REQUIRED WORK: What is needed is an exact copy of the lines in the listing below, from the one with "Corpse Husband collabing" up to and including the one with "Resolute appealing woman", with no other lines.

ENTRIES SUPPLIED:
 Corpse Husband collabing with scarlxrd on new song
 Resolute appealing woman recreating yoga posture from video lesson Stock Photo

* * *

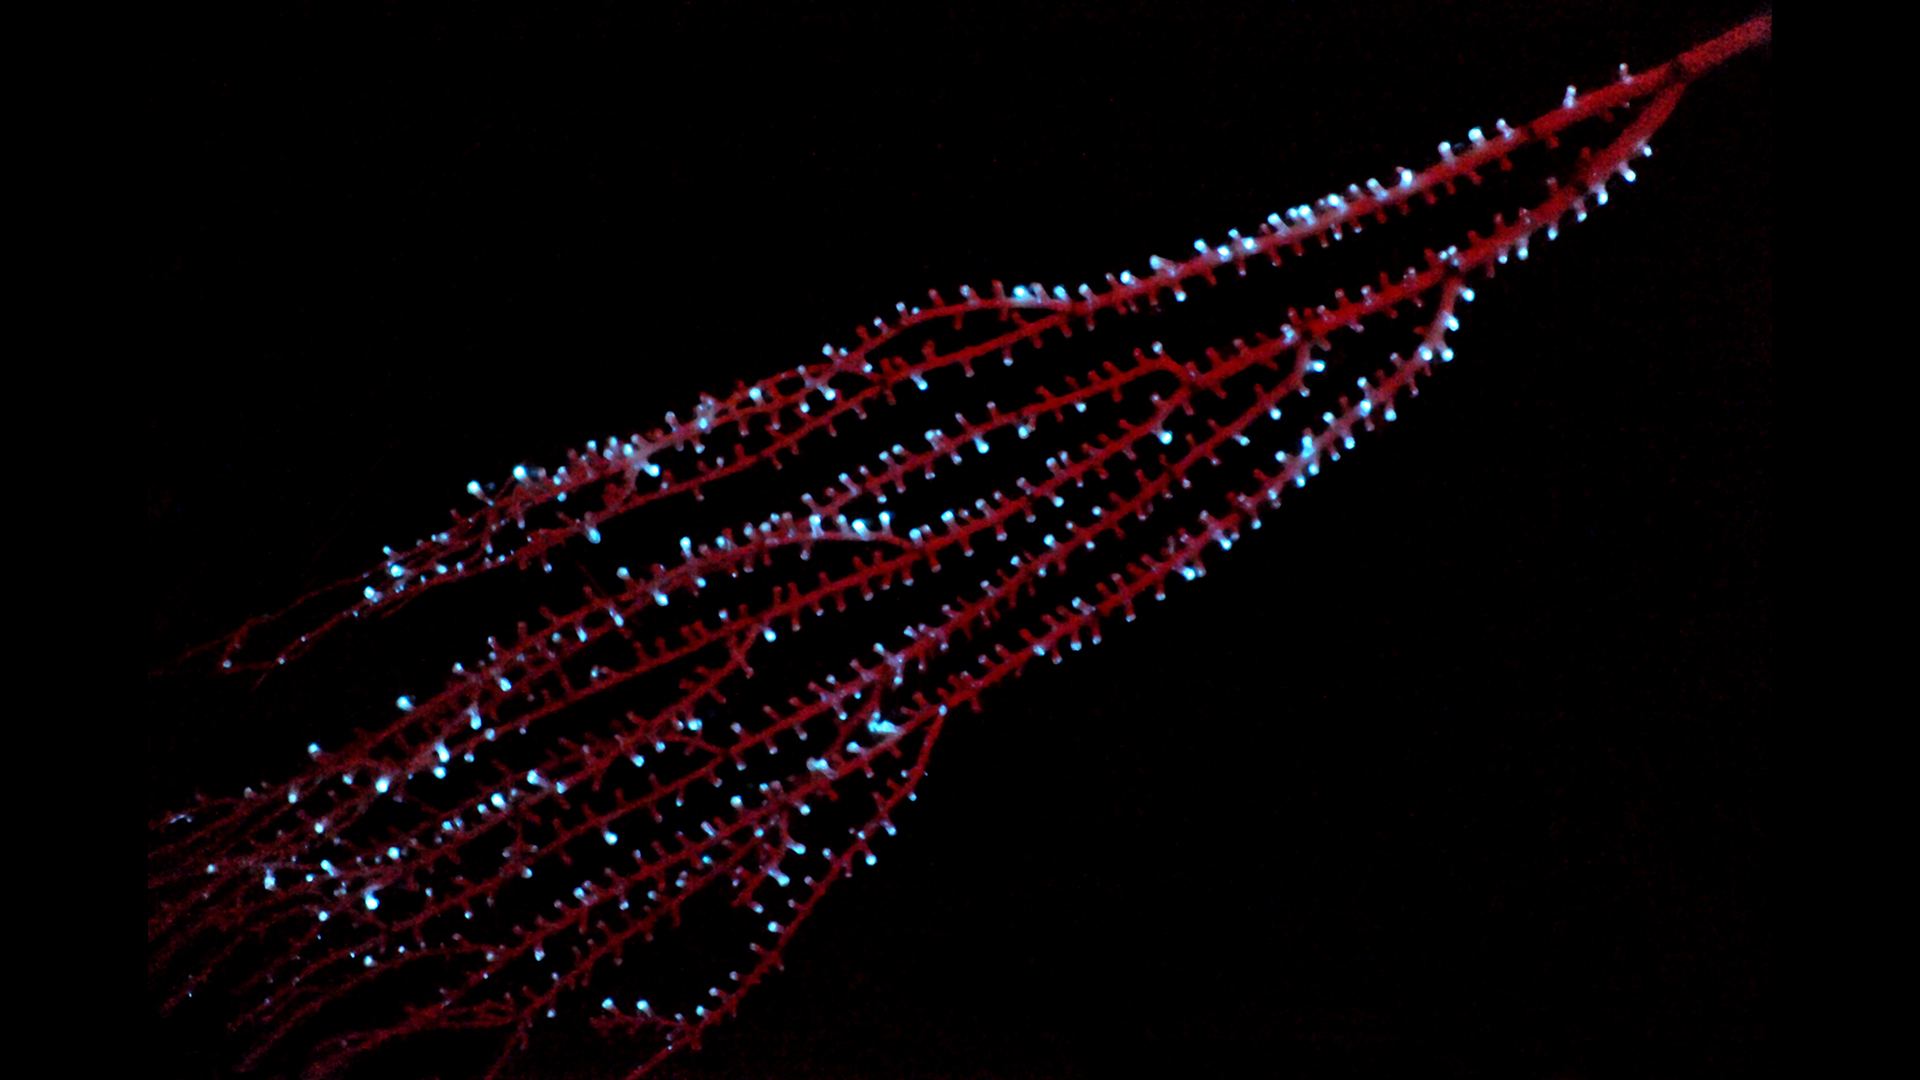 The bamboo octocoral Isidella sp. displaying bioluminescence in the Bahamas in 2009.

RESPONSE TO THE TASK:
 Corpse Husband collabing with scarlxrd on new song
 Resolute appealing woman recreating yoga posture from video lesson Stock Photo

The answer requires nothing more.